Cruise - Ocean Cruise

Alaska and Yukon Cruise and Tour

  • By SilverTraveller DRSask

    403 reviews

    Ribbon Ribbon Ribbon Ribbon Ribbon

  • Jun 2009
  • Adult family
  • Family holiday
  • Oceanview

142 people found this review helpful

Although my aunt and I have traveled across Canada from coast to coast (including Newfoundland), we had never been to any of the territories. When the opportunity came up to go on an Alaskan cruise, it only made sense to select the option that included a land tour into the Yukon. We were not disappointed.

We live in different provinces so we got on the phone and on line together and checked out the various cruises and tour options and chose the Holland America 11-day Klondike Explorer and Inside Passage cruise and tour from Vancouver to Anchorage. We spent the first three nights on the ship Volendam and the following seven nights at various hotels throughout the land portion of the tour travelling by train, coach, and river boat.

Originally we had booked the meal plan ($450 each) for the land part of the tour (meals on the ship are included in the cruise cost) but we cancelled it before paying the balance of the fare. We do not eat large amounts of food and did not spend $450 between the two of us on the trip so the meal plan would have been a wasted expense for us.

After the obligatory lifeboat drill we spent the rest of the afternoon and early evening exploring the ship and taking in the lovely scenery as we left Vancouver, past Stanley Park, under the Lions Gate Bridge and headed into the Inside Passage. We had selected “as you wish” dining between 5:00 and 9:00 pm and had the option of a table to ourselves. The food was delicious and our table was at the very stern of the boat with lovely views. Our first full day on the ship was spent cruising in the Inside Passage. We filled the day with shopping, attending talks on the excursions, gambling in the casino and eating. Thank goodness the 3rd deck is a walking deck so we could walk off the food and work up another appetite.

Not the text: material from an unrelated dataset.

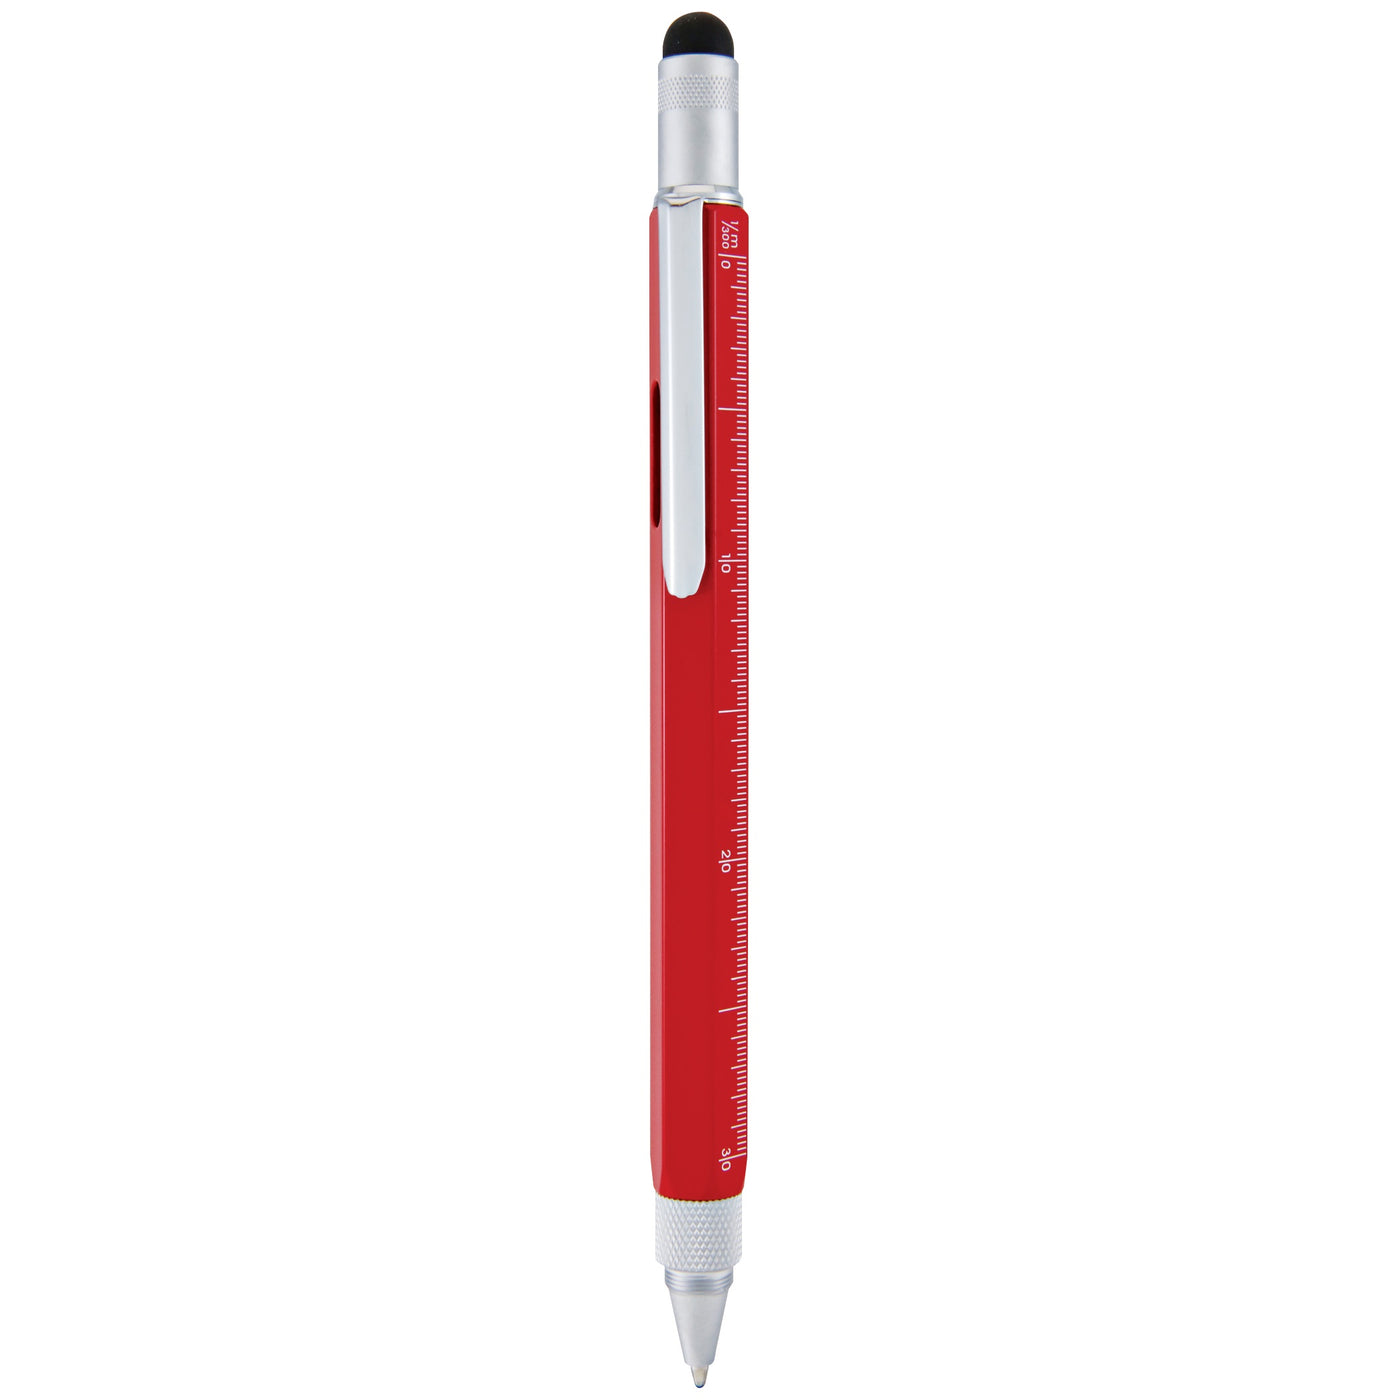 Monteverde One Touch Stylus Tool Red Ballpoint Pen

The next day while walking on deck 3 I saw a small whale getting it’s morning exercise as well. The first destination for the day was to be Tracy Arm, Alaska. However, despite three attempts to enter the fjord the captain decided to head for Juneau. There was too much ice blocking the chanel into the fjord and it was unsafe. Although we didn’t get to see the Sawyer Glaciers at the end of the fjord, which is where the blue glacier ice comes from, we did see a lot of beautiful blue ice from a safe distance.

Our next port of call for the day was Juneau and the weather was starting to turn. The top of Mount Roberts was barely visible in the fog as we were docking but we did see an eagle checking out the new visitors. We shopped in Juneau then met up with our tour for the gold panning and Alaska salmon bake. There were less than a dozen of us and we went out of town to prospect in the rivers like in days gone by. Despite the drizzle we enjoyed ourselves and panned some gold and a garnet. As we were drivng towards town to the salmon bake a small black bear came crashing through the undergrowth and ran across the road in front of our vehicle. After our coho salmon bake, we went up the Mount Roberts Tramway for some misty views from the top. There is a Raptors centre with an injured bald eagle namedf Lady Baltimore, a movie theatre with a short film about the First Nations in the area, and the obligatory gift shop. Back on board the ship we enjoyed Irish coffees in the Explorers Lounge while listening to the Adagio string quartet. There is entertainment on board for a variety of tastes.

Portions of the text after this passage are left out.